Cookie Monster Day


Cookie Monster Day celebrates the popular Sesame Street character, Cookie Monster, and takes place on his birthday. Cookie Monster was created by Muppet creator Jim Henson. Before debuting on Sesame Street in 1969, the monster that would become Cookie Monster got his start in 1966 as a "Wheel-Stealer" on an unaired General Mills commercial for a snack food. The following year the monster was featured in an IBM training film that included a self-destructing "coffee break machine". On October 8, 1967, this skit appeared on The Ed Sullivan Show. The Cookie Monster prototype next appeared as Arnold in three commercials for Munchos, a potato snack from Frito-Lay. Henson could have kept making more commercials with the monster, but brought him to Sesame Street instead.
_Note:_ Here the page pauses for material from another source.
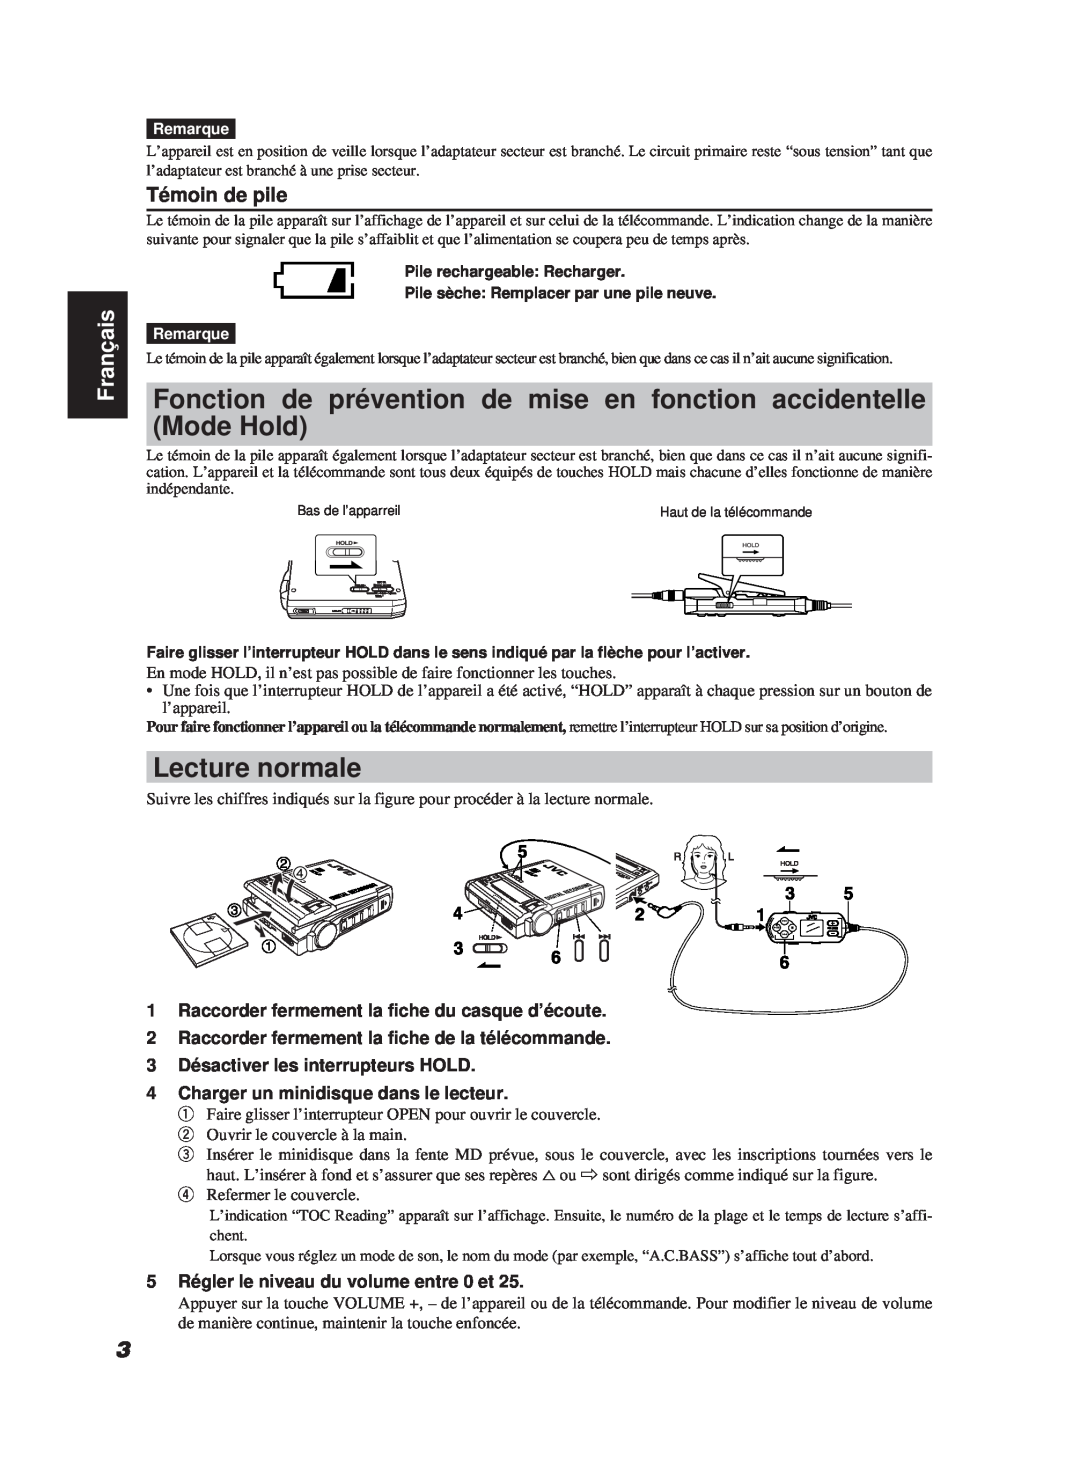 JVC XM-R700SL manual Mode Hold, Lecture normale, Témoin de pile, Français

When Cookie Monster first appeared on Sesame Street, his role was undefined and he didn't have a name. But, by the second season he came into his own, and became one of the most popular characters on the show. He is known for his blue fur, googly eyes, simple language ("Me want cookie!"), and appetite to eat everything—not just cookies. There has been some concern that Cookie Monster encourages unhealthy eating, but Cookie Monster himself has even sang about eating healthy food. However, the song he is most known for is "C is for Cookie". He was played by Frank Oz until 2001, when David Rudman started doing most of the puppet's portrayals.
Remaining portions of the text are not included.